Hiç kuşkusuz, eskiye göre toplumsal ilerleme ve kazanım sayılması gereken bu süreç, İkinci Dünya Savaşı ertesinde tersine döndü. Kendi ayakları üzerinde doğrulan burjuvazi, sınıfsal içgüdüsüyle Batı emperyalizmine eklemlendi, 1950 seçimleriyle birlikte doğrudan iktidar oldu. Sürecin doğal istikametinde Türkiye, NATO’ya katıldı. Öyle ki, devletin en mahrem ve güzide kurumları MİT ve Özel Harp Dairesi’nin maaşları bile bir ara ABD tarafından ödenir oldu.

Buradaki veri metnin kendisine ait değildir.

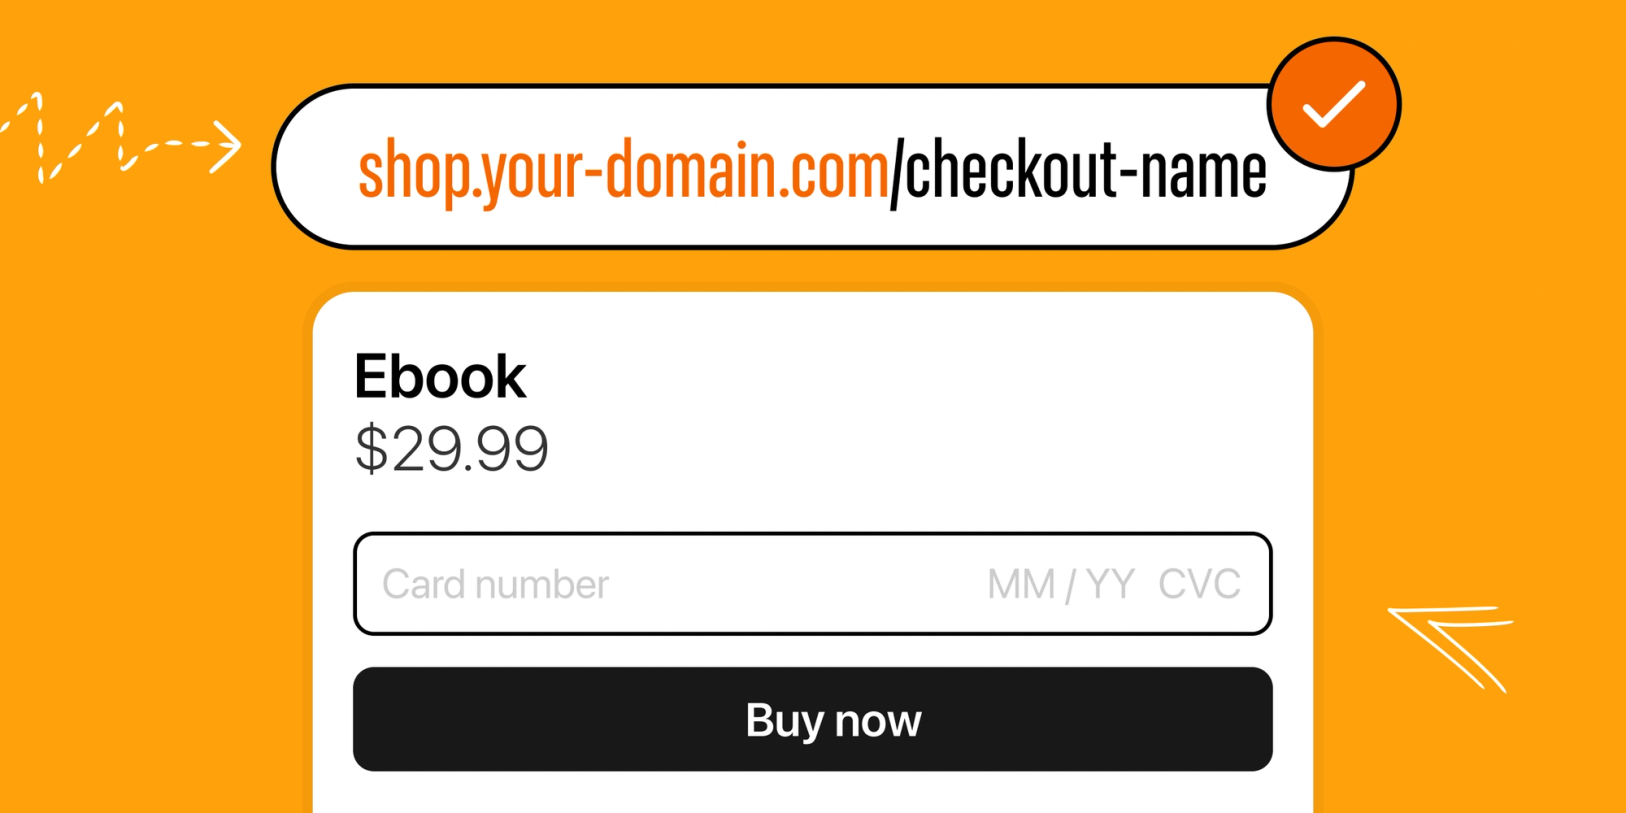 Claim your free Checkout Page URL and add a custom domain!
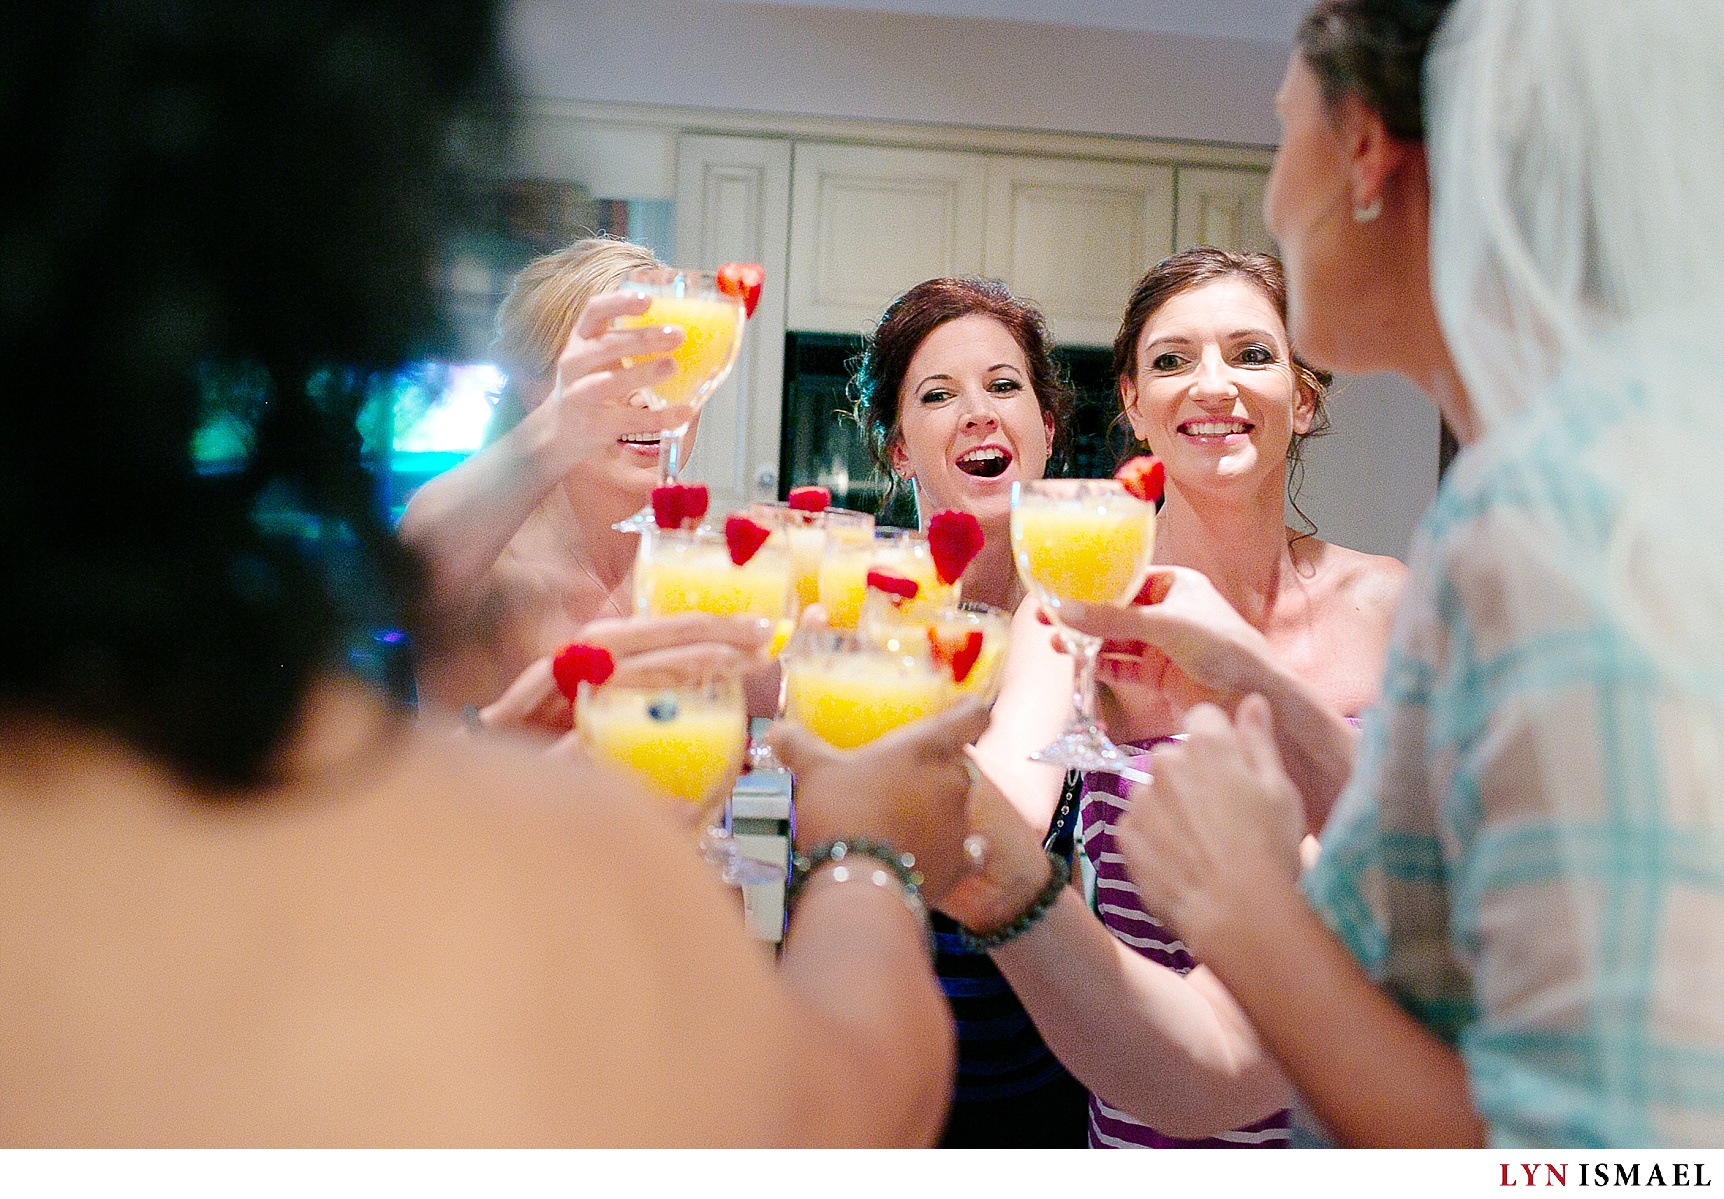 The bride and her bridesmaids share a toast.

Kimi çevrelerde hâlâ “ilerici” diye alkışlanan 1960 darbesi ertesinde tasfiye edilen 235 general ve 4 bin 171 subayın emeklilik ikramiyeleri ABD Hazinesi’nin bağışıyla karşılandı. Bu süreçte askeri elit, OYAK’ı kurarak, bebekken beşiğini salladığı sermaye sınıfına katıldı. Sermaye düzenini koruma ve tahkim etme amaçlı darbeler peşpeşe geldi. Holding ve NATO Paşaları, Cumhuriyet Paşaları’na galip geldi; darbeci paşalar, sola karşı bariyer olsun diye Yeşil Kuşak politikalarına omuz verdiler. Emekçi sınıfların payına ise “Her Türk asker doğar” sloganı ve “vatan uğruna şehitlik” imtiyazı düştü!.. 

***

ILIMLI İSLAMİ DÜZENDE TSK’NİN YERİ

Emekçilerin payına “vatan uğruna şehitlik” imtiyazı ile “Şehitler ölmez vatan bölünmez!” sloganı düştü ama darbeci paşaların solun başına geçirmek üzere süngü zoruyla ördükleri yeşil çorap da günü geldi kendi başlarına geçti.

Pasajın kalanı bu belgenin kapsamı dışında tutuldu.